3. An "accident" is defined as "an unexpected or unforeseen actual, identifiable, precipitous event happening suddenly or violently, with or without human fault, and directly producing at the time objective findings of an injury which is more than simply a gradual deterioration or progressive degeneration." La.R.S. 23:1021(1). Prior to the 1989 amendments to the Workers' Compensation Act, the jurisprudence provided that an "accident" had occurred for Workers' compensation purposes where the conditions of claimant's employment provided continual strain or trauma which cumulatively combined to cause a disabling condition, even though each individual event, in itself, was minor in character. Malloy v. AT & T Consumer Products, Division of AT & T Technologies, Inc., 475 So.2d 80 (La. App. 2d Cir.1985); McCoy v. Kroger Company, 431 So.2d 824 (La.App. 2d Cir.1983). These cases were legislatively overruled by Louisiana Acts 1989, No. 454, § 1, amending the definition of accident in La.R.S. 23:1021(1) to reflect that the accident must produce an injury that is more than a gradual deterioration or progressive degeneration. See Johnson, "Workers' Compensation, Developments in the Law, 1988-1989," 50 La.L.Rev. 391 (1989).
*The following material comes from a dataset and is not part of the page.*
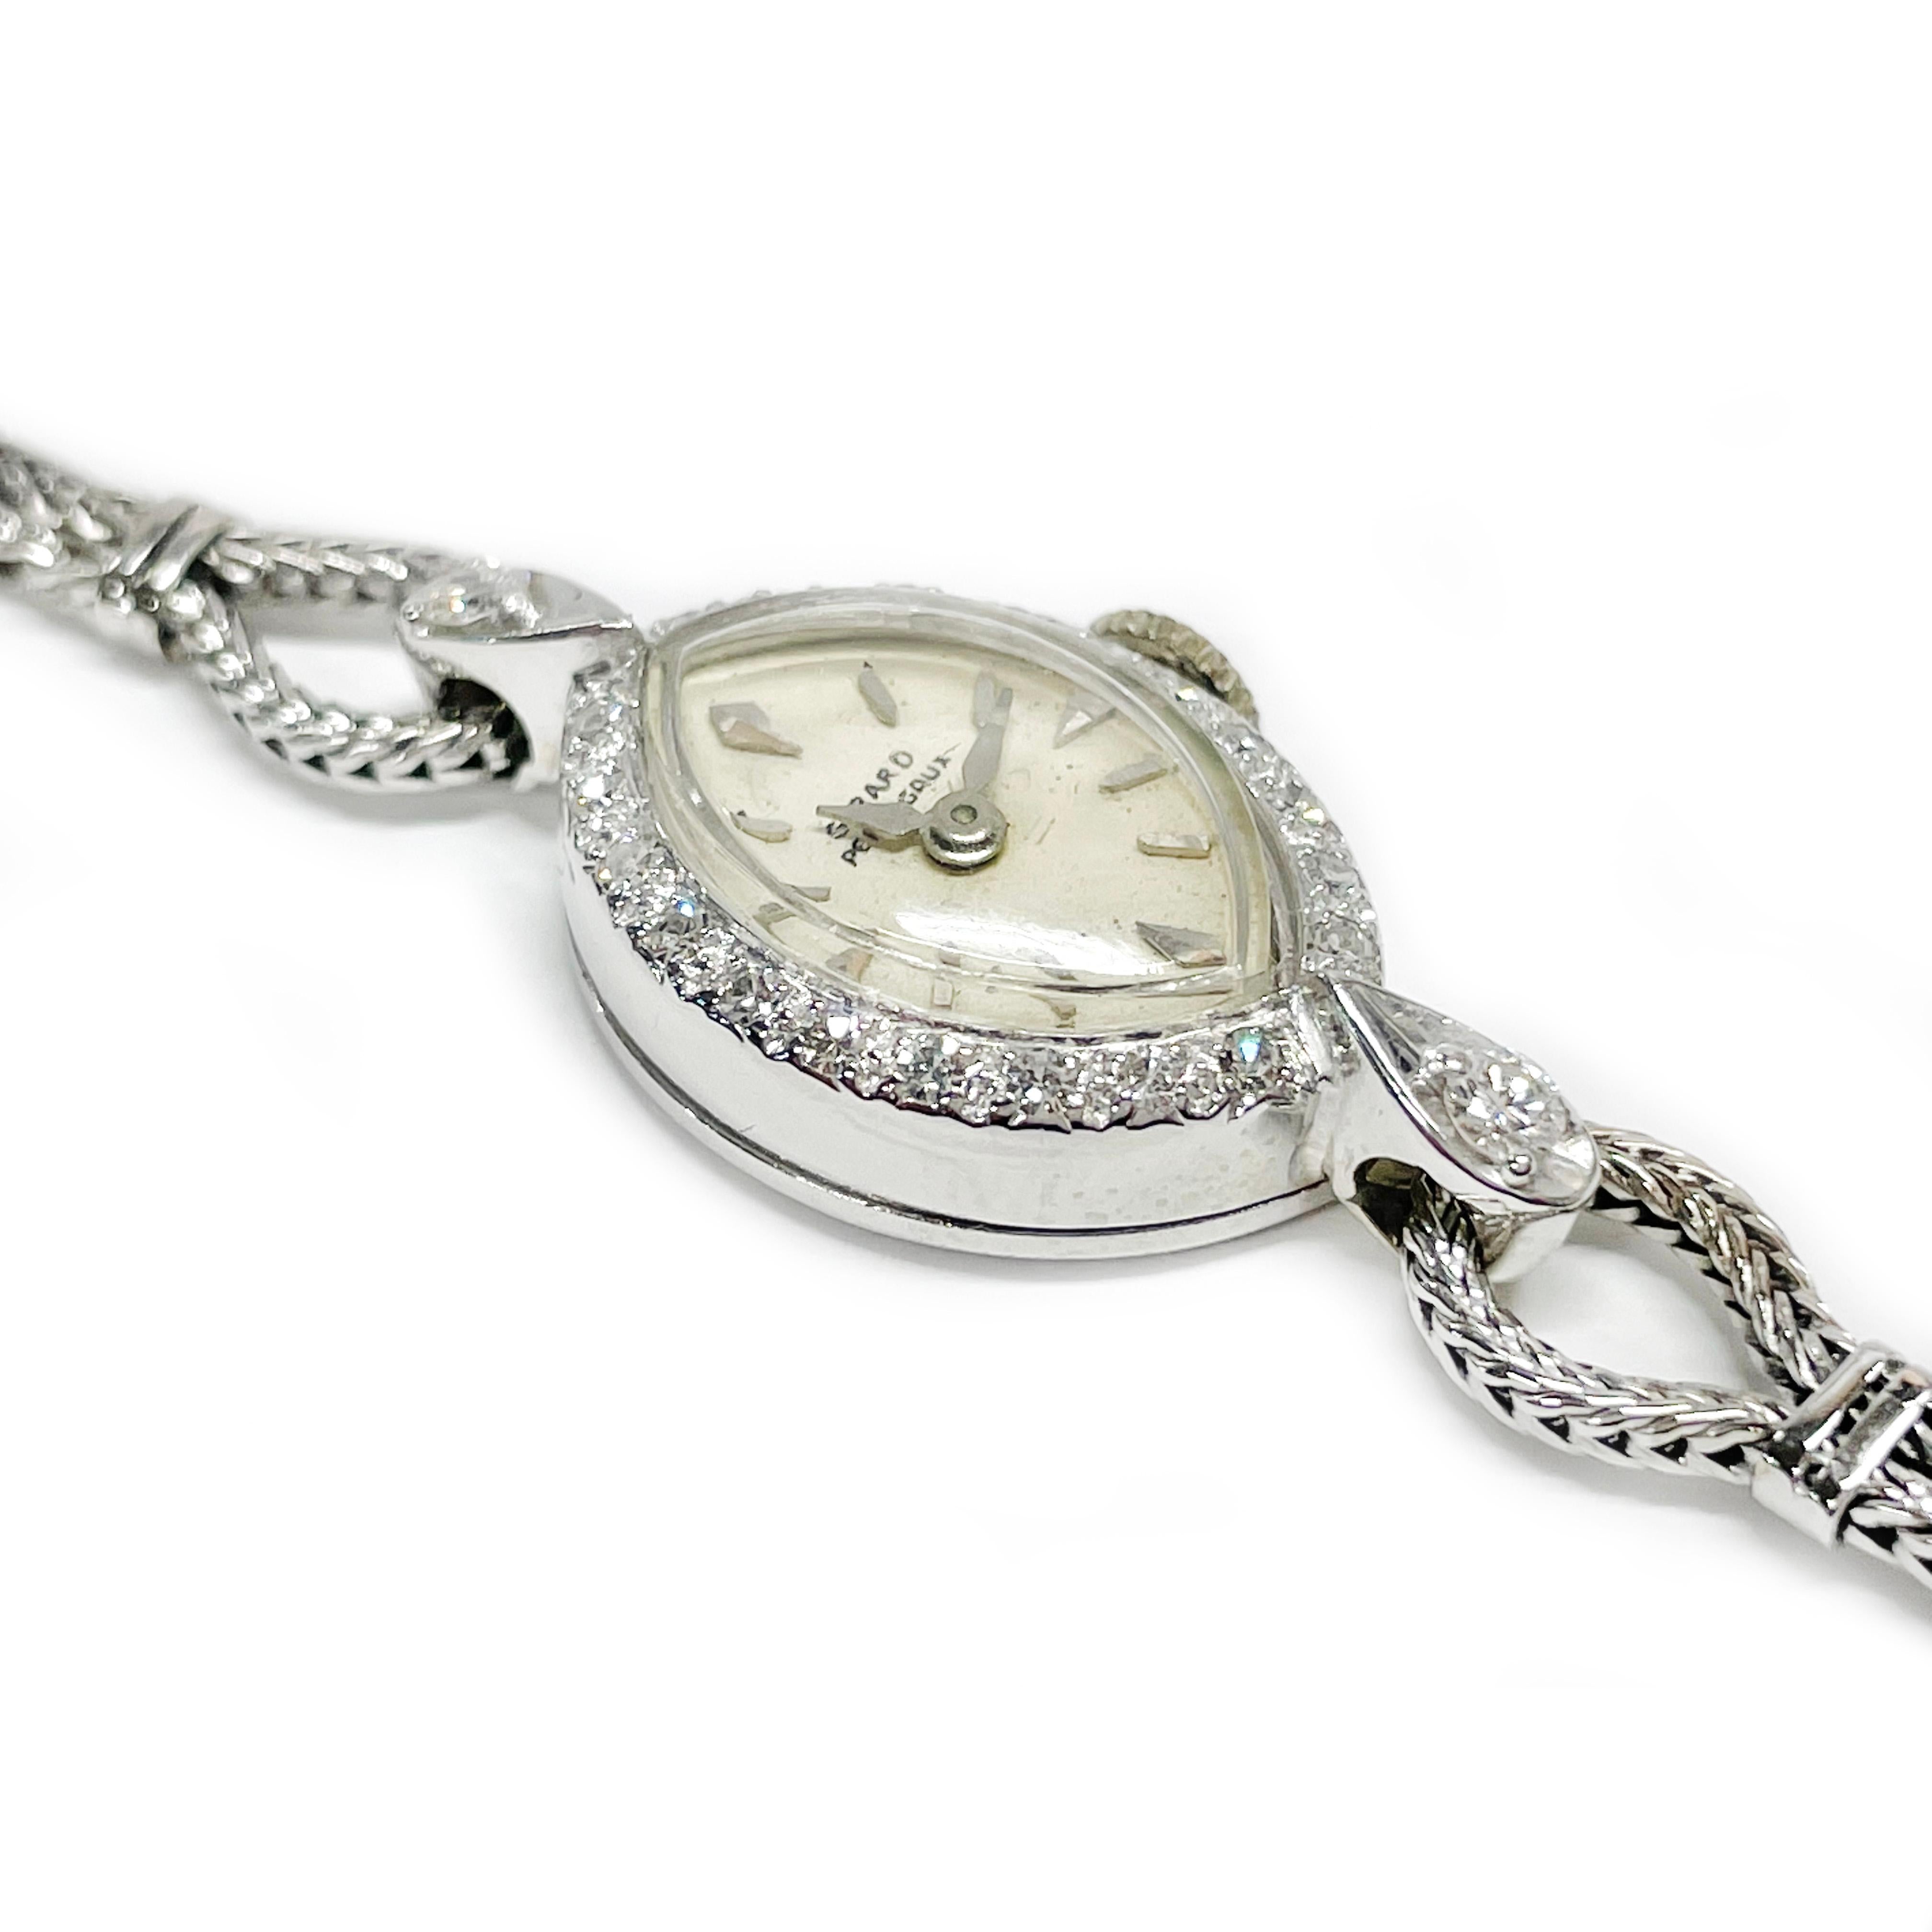 Montre-bracelet à diamants pour femmes Girard Perregaux, circa 1930. Le cadran marquise est encadré de diamants ronds taille unique sertis en perles, avec des aiguilles des heures et des minutes en argent. La montre est ornée de vingt diamants ronds

4. Wal-Mart made a belated claim that the injuries were actually sustained in an automobile accident on February 8, 1999, and that Morton failed to disclose the accident and injury when he claimed benefits for the October 25th accident. This argument was properly rejected by the WCJ on the grounds that Wal-Mart's records showed that it had notice of the automobile accident prior to October 25.